Apartment in the Trieste District

Apartment in the Trieste District

The apartment, which spans approximately eighty square metres, is located on the ground floor of an early 20th Century building in the Trieste district in Rome.

The presence of a considerably-sized load-bearing wall that runs through the entire property strongly affects its organisational layout, which consists of a central corridor that connects the various rooms: three large bedrooms, a kitchen, a bathroom and a utility room.

The goals of the project were to create a seamless and even space inspired by the idea of a loft, to optimise the service spaces, and to improve communication with the garden. The limitation posed by the load-bearing wall affected the new internal distribution, which continued to be governed by the central corridor which proves greatly modified; the eradication of doors, the continuity of the floor, the insertion of suspended ceilings and the uniformity of the wall colours, merging it with the other rooms of the home.
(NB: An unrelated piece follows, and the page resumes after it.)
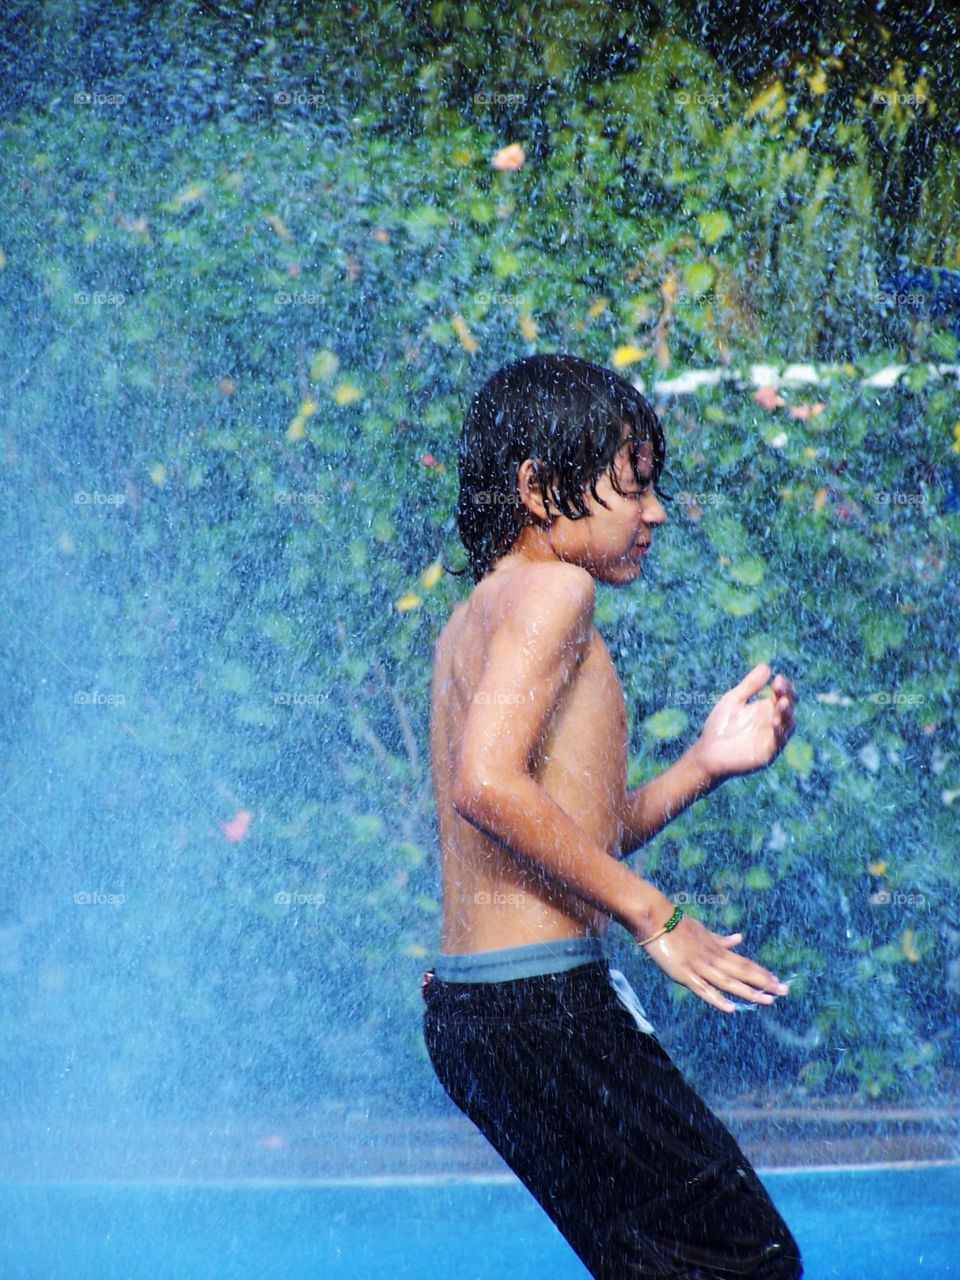 summer water playing boy by vladimiryleon
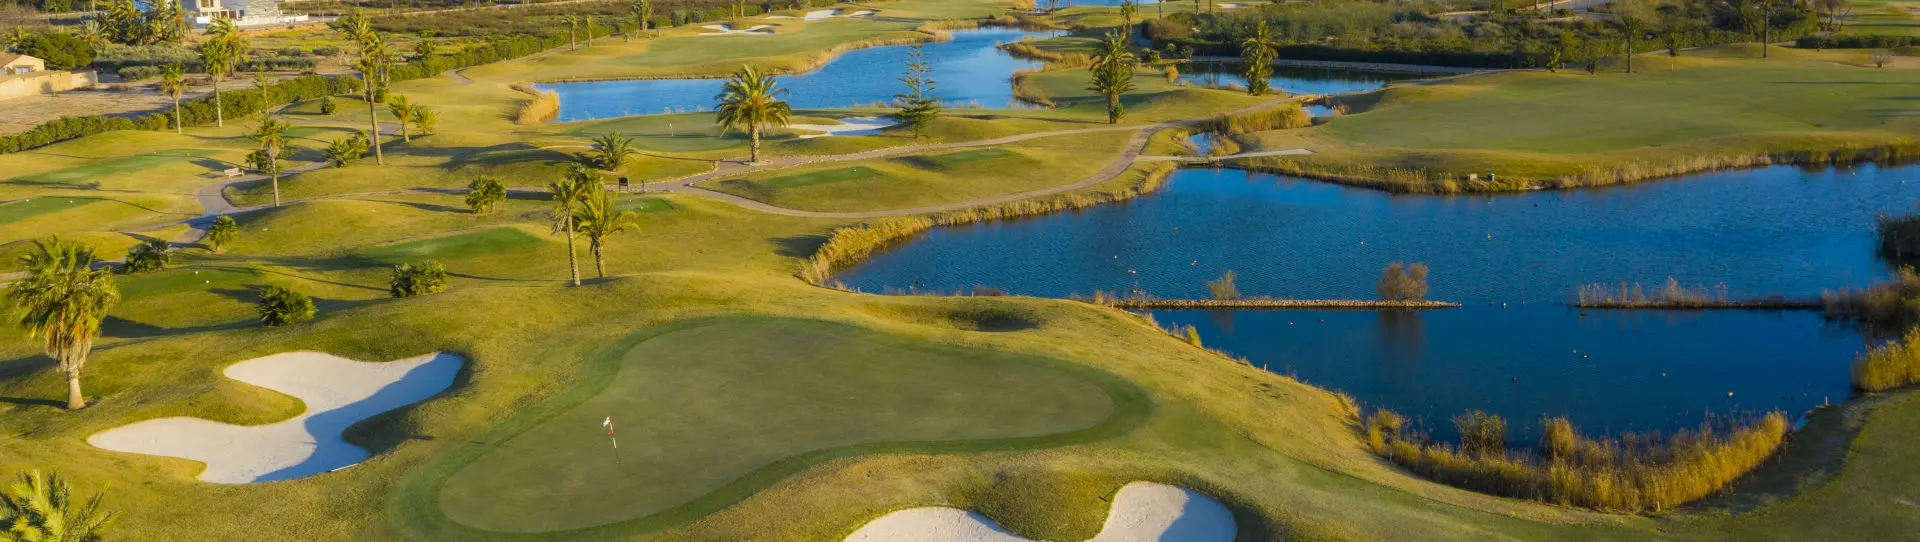 Spain golf courses - La Serena Golf Course - Photo 1

The entrance was redesigned to obtain a storage room on one side and a guest bathroom on the other. From here, you can perceive the presence of the living room which you access through two existing apertures in the load-bearing wall. The new living room, obtained by joining two rooms together, was treated like an open space, without any separation between the relaxation area, the dining area and the kitchen.

The kitchen, located near the garden, with which it communicates through a new aperture, was devised as an item of interior design featuring certain solutions that make it an integral part of the living room. On the opposite side of the corridor are the slumber quarters, which despite being devised in a spatial continuity with the remainder of the apartment, can have a more intimate and private dimension with the closing of two sliding doors, which isolate not just the bedroom but also a wardrobe area and a bathroom, which communicate with one another, and equipped with bespoke wardrobes in pale oak.

The distribution corridor then ends in a room used as a study; a semi-private room, mediating between the home’s public and private areas, that opens out onto the garden and which is connected directly with the bedroom.

So after the renovation work, despite the structural limitations, thanks to the new relationships between the rooms, to a careful choice of colour palette and to the homogeneity of the materials used, a pleasant effect of brightness and expanding spaces was achieved.